Sure why not save a few bucks and use it until it blows off at highway speed, what is the worst that could possibly happen.

You don't like the professional's advice so you go on the internet asking a bunch of people who may or may not be qualified to give you an answer based on a blurry picture... Sounds legit.


----------



## JustWood (Jan 8, 2013)

It should still be good but run it on the back axle just in case.If it has broken belts you'll notice it right away or within a few hundred miles.
That crumb rubber didnt accumulate in 150 ft. Thats usually a sign it was run soft.
Oxidation on the rim will cause a slow leak ie. run soft.
I've removed tractor trailer tires that had between a pint and quart of crumb rubber in them when worn out (never any damage).


----------



## fossil (Jan 8, 2013)

Only thing I've ever heard from the people I trust is that sidewall damage is the kiss of death for the tire, and cannot be repaired.  It's unsafe at any speed, so far as I'm concerned.  That tire just needs to be recycled so that it doesn't end up on anybody's vehicle.  Rick


----------



## jharkin (Jan 8, 2013)

I'm very suspicious that a "bump" popped the bead.
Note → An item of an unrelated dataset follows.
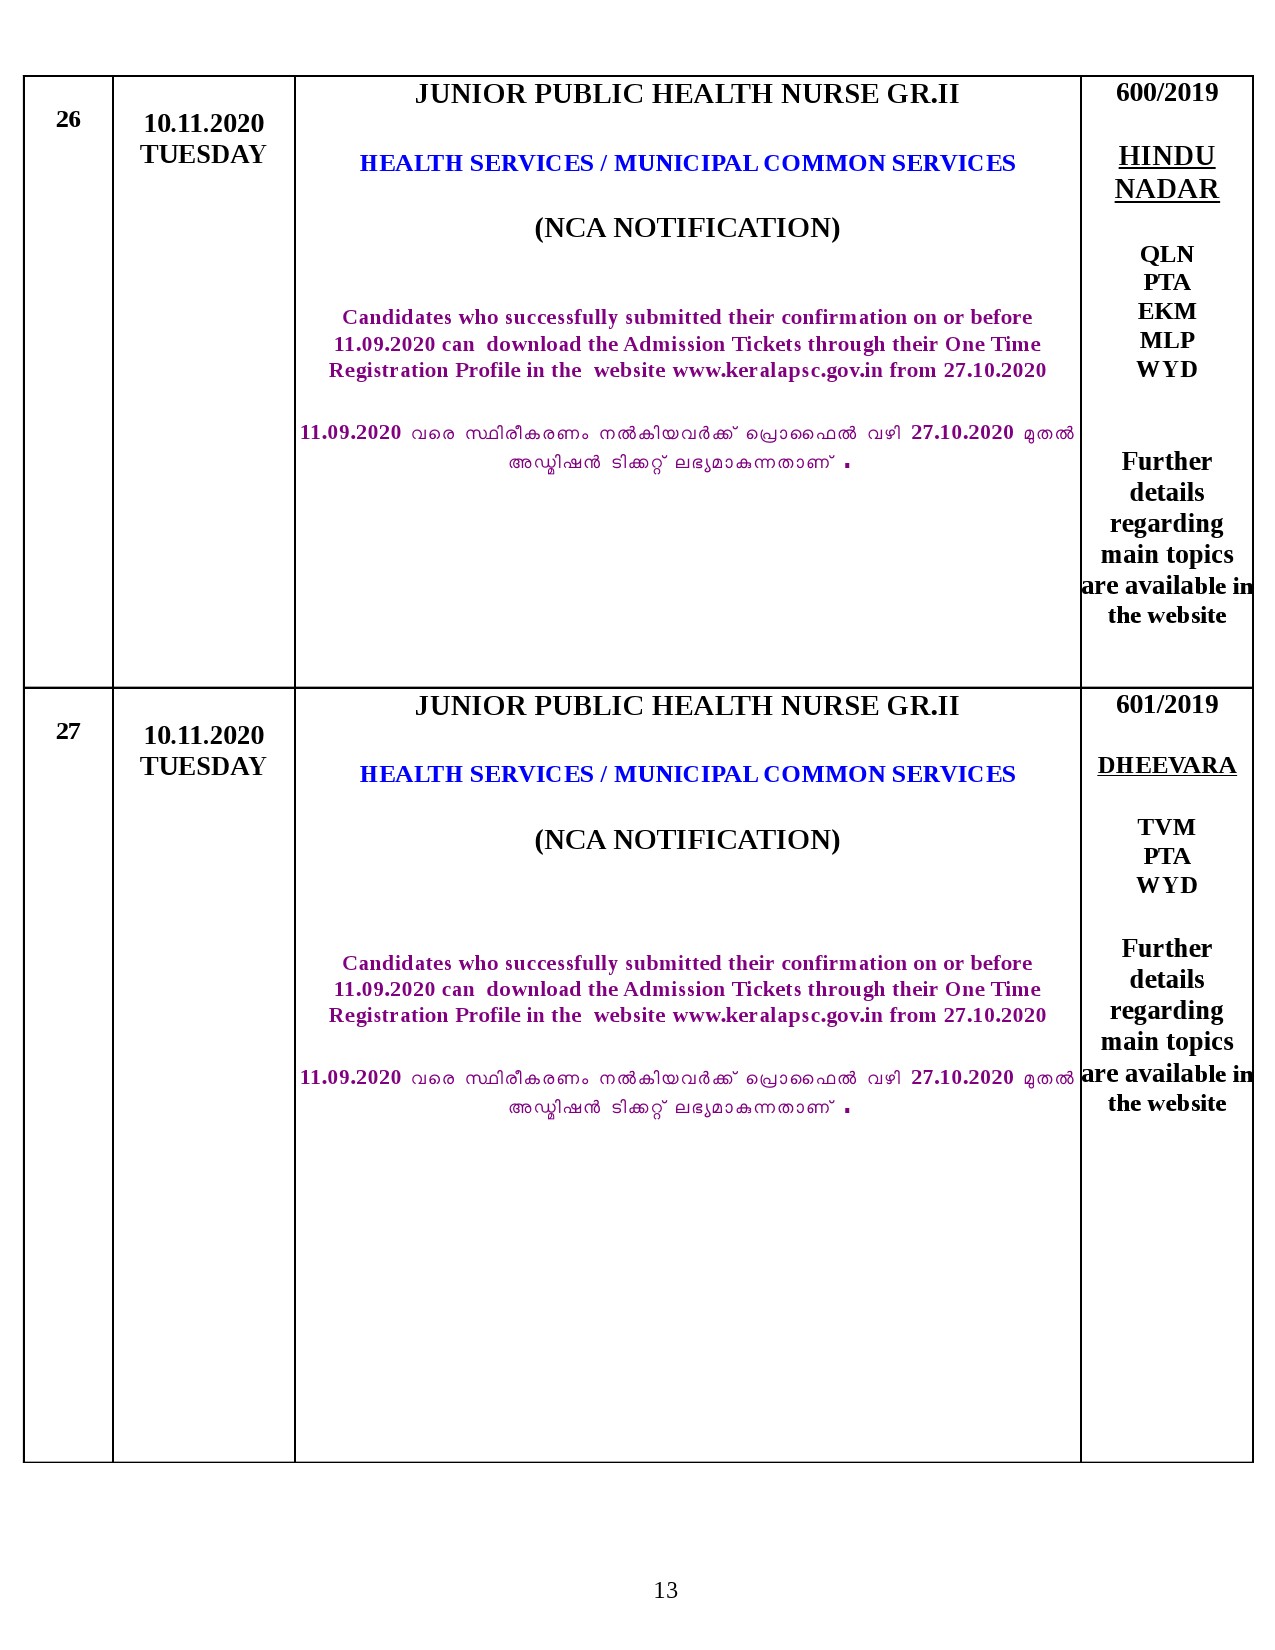 Kerala PSC Final Exam Schedule for November 2020 - Notification Image 13
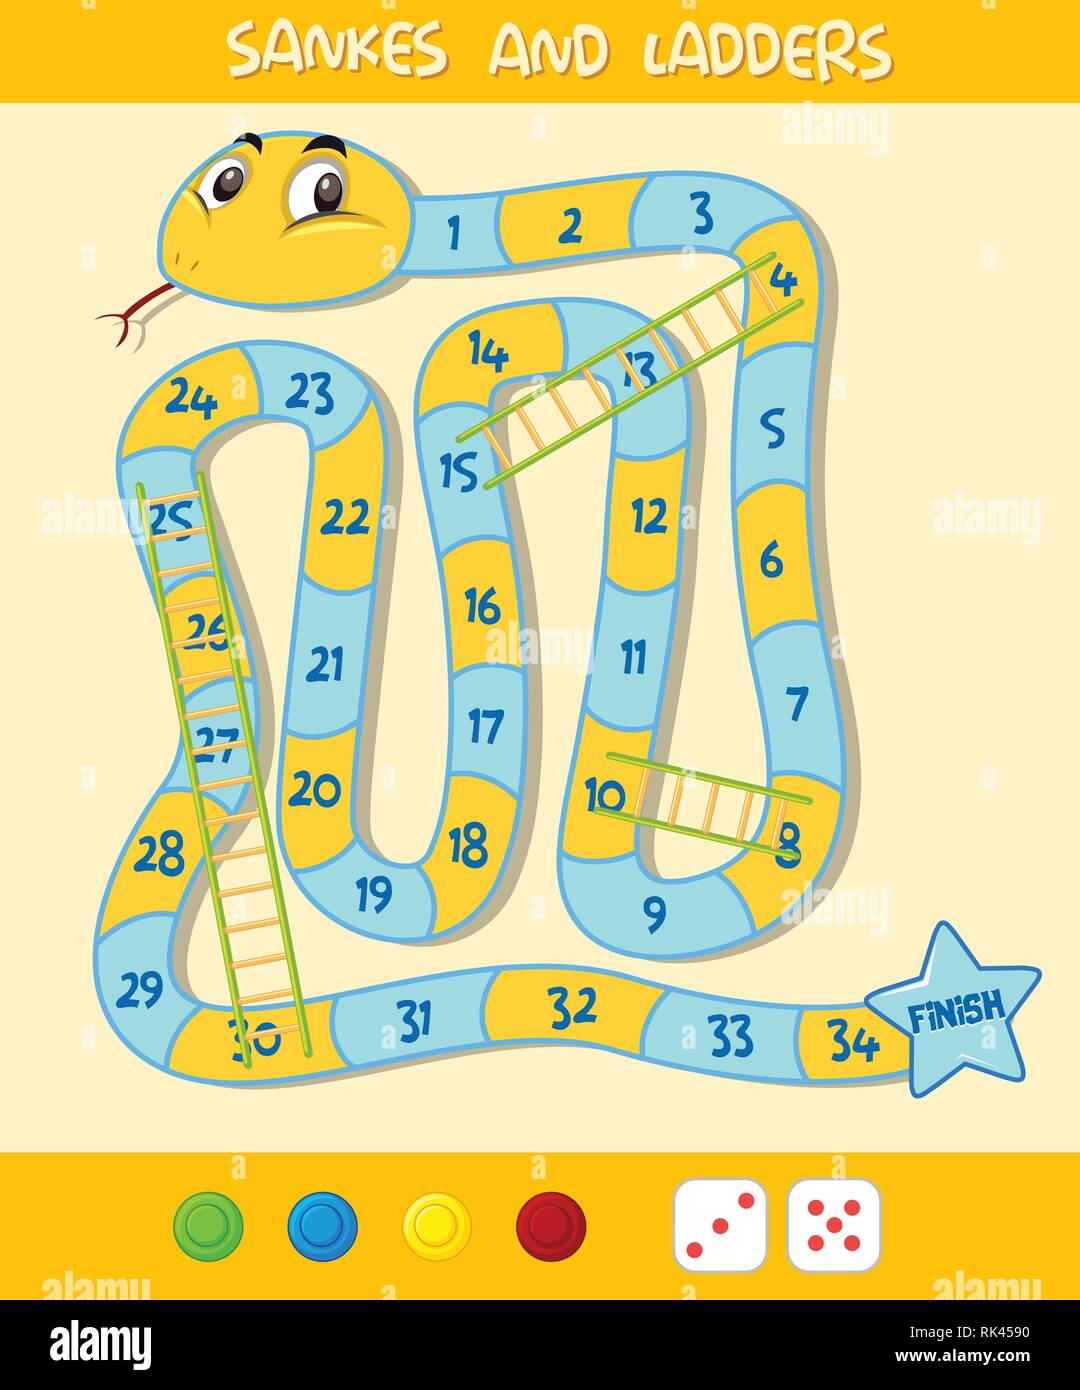 a-snake-ladder-game-template-illustration-stock-vector-image-art-alamy

Some damage caused a flat and driving on the flat popped the bead. 

The tire is toast, and from your description I'd be suspicious of the wheels as well.


----------



## Don2222 (Jan 8, 2013)

LEES WOOD-CO said:


> It should still be good but run it on the back axle just in case.If it has broken belts you'll notice it right away or within a few hundred miles.
> That crumb rubber didnt accumulate in 150 ft. Thats usually a sign it was run soft.
> Oxidation on the rim will cause a slow leak ie. run soft.
> I've removed tractor trailer tires that had between a pint and quart of crumb rubber in them when worn out (never any damage).


 
Thanks for the good info. When I 1st purchased this car used, this tire had a slow leak that I kept filling with air for a few weeks until I found a nail in the tire and had it plugged. So those bits of rubber probably were there for months! Very Interesting!

After the hole was plugged the tire ran very well on the Highway and all!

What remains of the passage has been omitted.